A basis of India-Pakistan cooperation on the Mumbai massacres: the ten Pakistani terrorists started off as pirates and the Al-Huseini is a pirate ship

One of my finest teachers at the London School of Economics many years ago had been Professor DHN Johnson, a pioneer of the Law of the Sea Treaty; reflecting upon the aftermath of the Mumbai massacres, it occurs to me that the Law of the Sea Treaty may provide the most expedient and lawful recourse in present circumstances, as well as a proper and clear basis for cooperation between the Government of India and the Government of Pakistan in the matter.

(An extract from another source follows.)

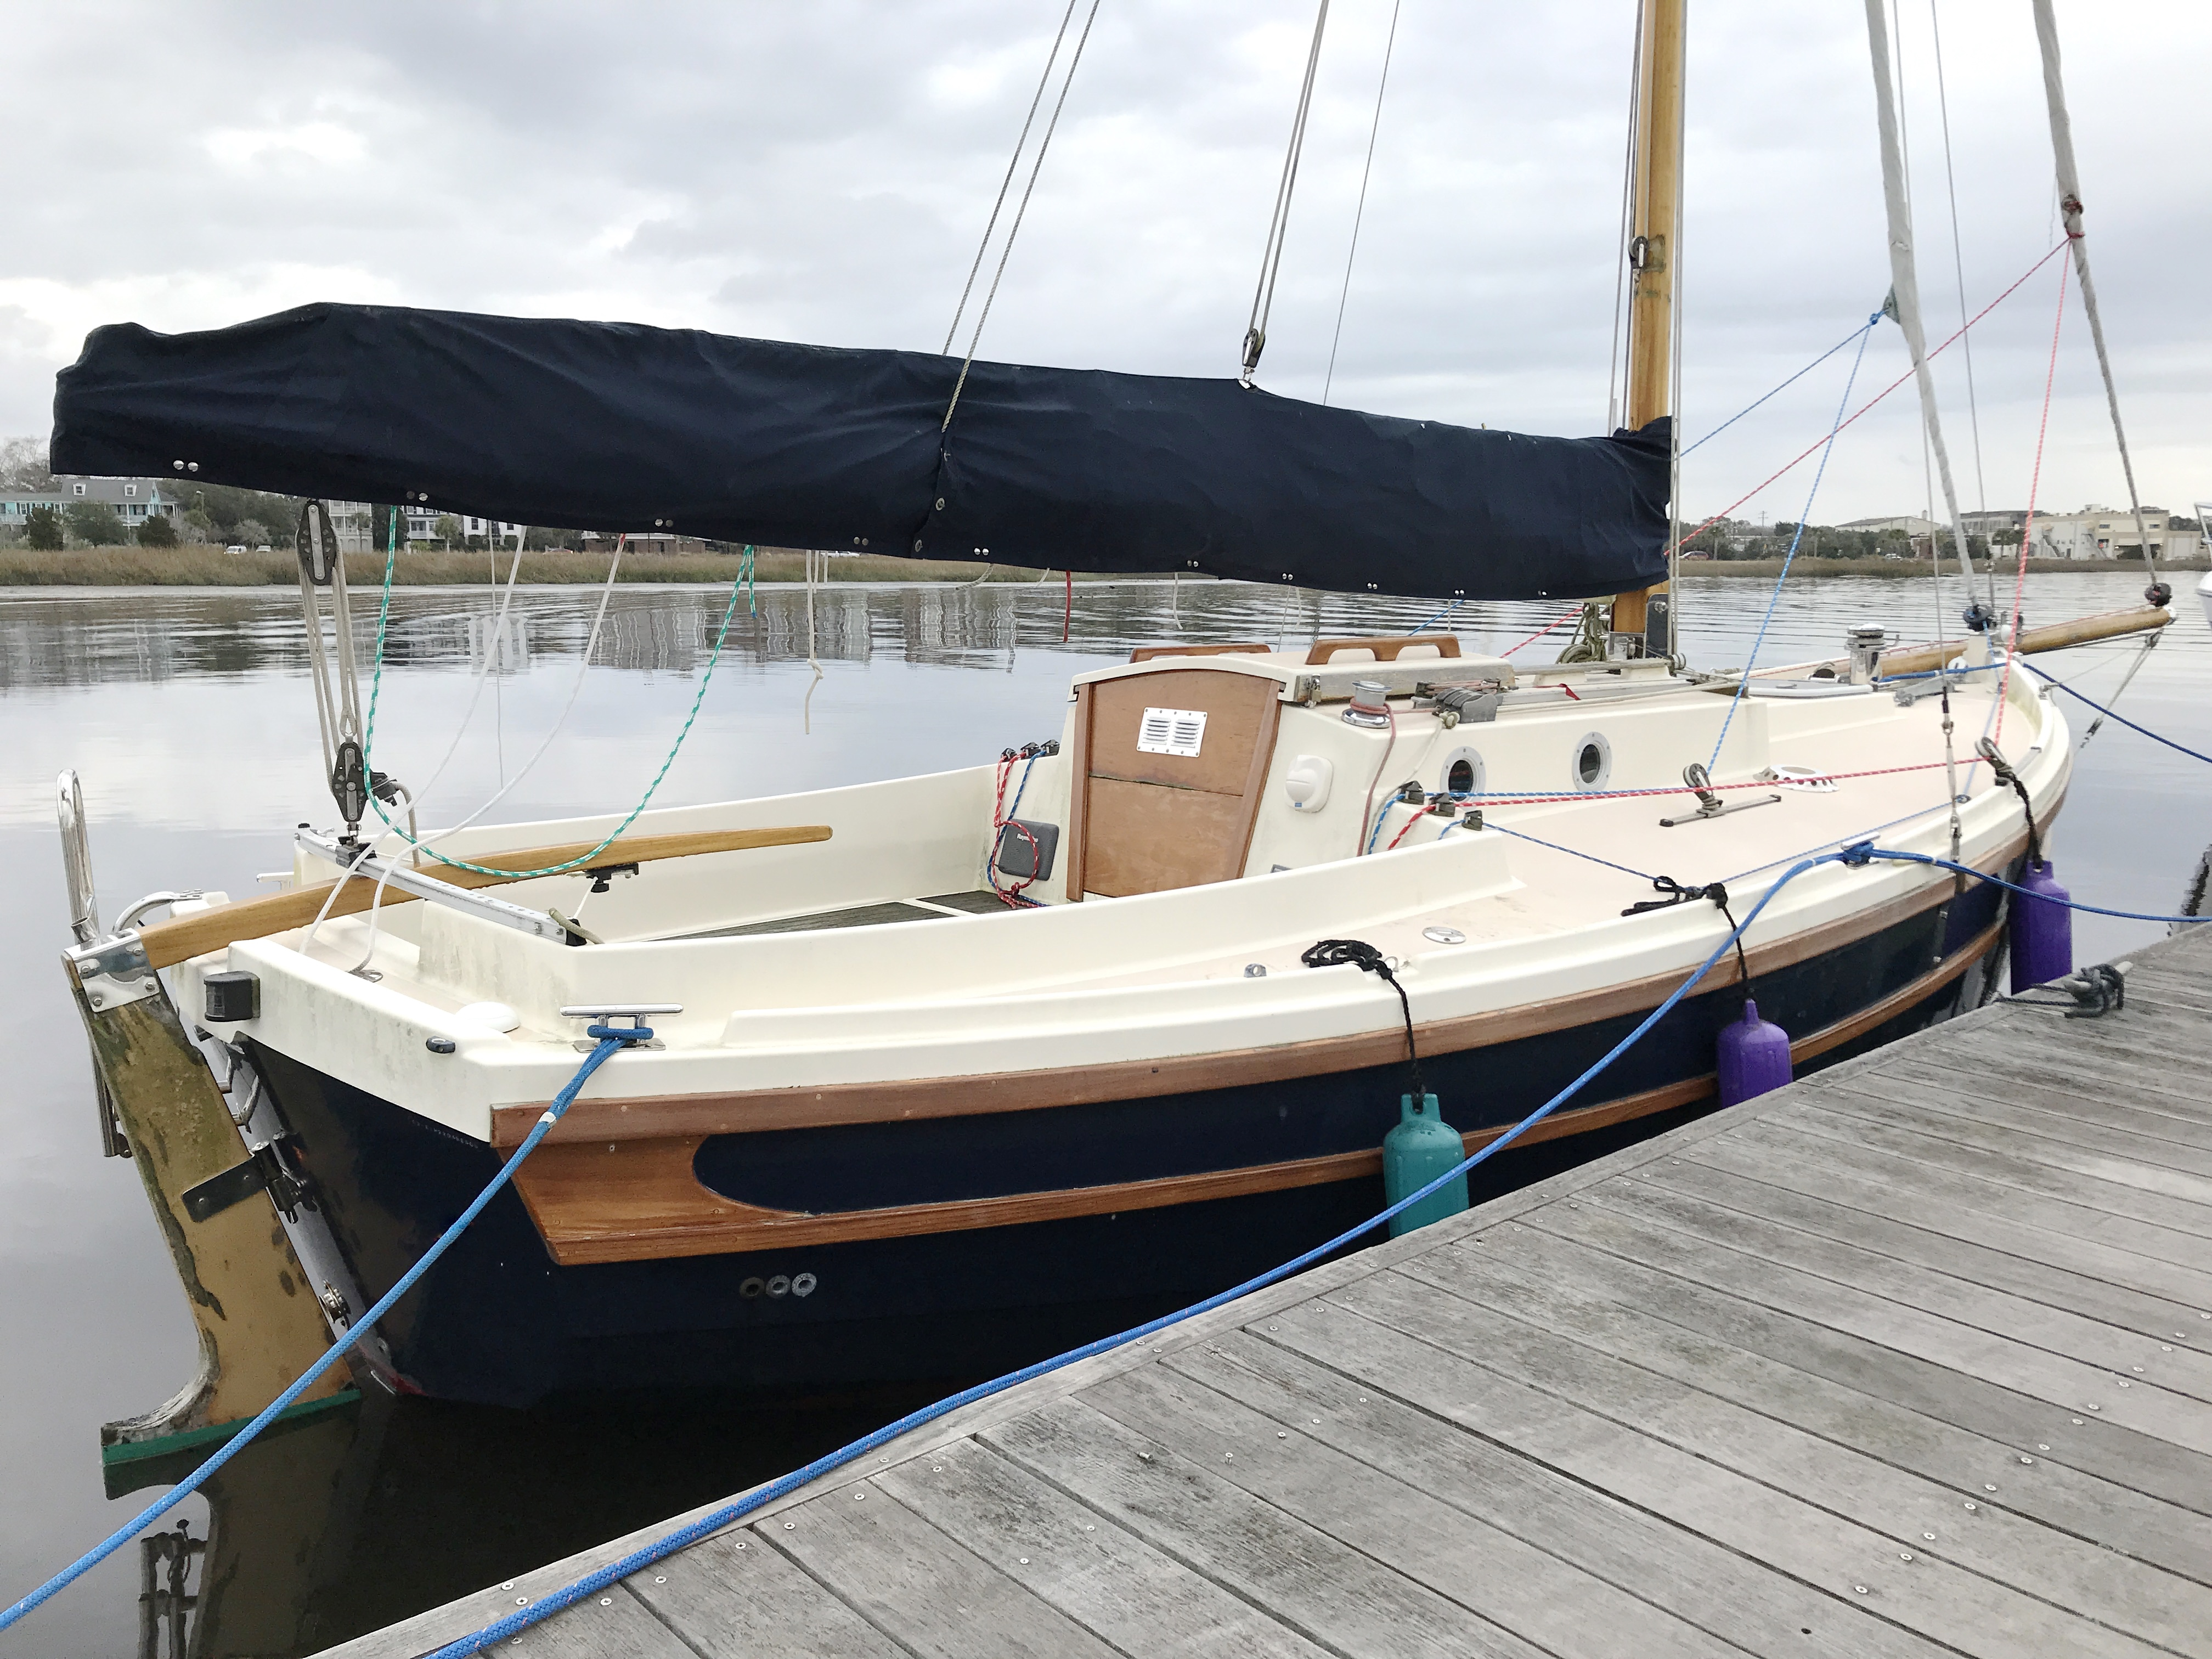 Cornish Crabbers Crabber 22 - Cornish Crabber 22 Gaf rigged cutter starboard

Both India and Pakistan have signed and ratified the Law of the Sea Treaty which reads at  Article 101

“Definition of piracy
Piracy consists of any of the following acts:
(a) any illegal acts of violence or detention, or any act of depredation, committed for private ends by the crew or the passengers of a private ship or a private aircraft, and directed:
(i) on the high seas, against another ship or aircraft, or against persons or property on board such ship or aircraft;
(ii) against a ship, aircraft, persons or property in a place outside the jurisdiction of any State;
(b) any act of voluntary participation in the operation of a ship or of an aircraft with knowledge of facts making it a pirate ship or aircraft;
(c) any act of inciting or of intentionally facilitating an act described in subparagraph (a) or (b).”

From the captured Kasab’s confession, it is clear he and his companions began their criminal activities within Pakistan (by training as terrorists and engaging in a conspiracy to commit mass-murder) and this continued outside Pakistan at sea:

“On November 23, the teams left from Azizabad in Karachi, along with Zaki-ur-Rehman and Kafa. We were taken to the nearby seashore… We boarded a launch. After travelling for 22 to 25 nautical miles we boarded a bigger launch. Again, after a journey of an hour, we boarded a ship, Al-Huseini, in the deep sea. While boarding the ship, each of us was given a sack containing eight grenades, an AK-47 rifle, 200 cartridges, two magazines and a cellphone.  Then we started towards the Indian coast. When we reached Indian waters, the crew members of Al-Huseini hijacked an Indian launch. The crew of the launch was shifted to Al-Huseini. We then boarded the launch. An Indian seaman was made to accompany us at gunpoint; he was made to bring us to the Indian coast. After a journey of three days, we reached near Mumbai’s shore. While we were still some distance away from the shore, Ismail and Afadulla killed the Indian seaman (Tandel) in the basement of the launch.”

Pirates in law are Hostis humani generis or “enemies of mankind”.    As signatories to the Law of the Sea Treaty, India and Pakistan may act jointly against the Al-Huseini and others associated with the acts of  piracy including the maritime murders of the Indian fishermen that preceded the Mumbai massacres, thus solving the question of jurisdiction before it arises.  The remains of the nine dead Pakistani terrorists presently in a Mumbai morgue  can be buried at sea in international waters by whatever funeral procedure is due to dishonourable sailors and pirates.  (The fish will not refuse them.)  Kasab can be tried as a pirate too — though he really needs an American defence attorney to plea-bargain for him as he turns State’s evidence against the real masterminds of the plot, some of whom may be presently in the custody of the Pakistan Government.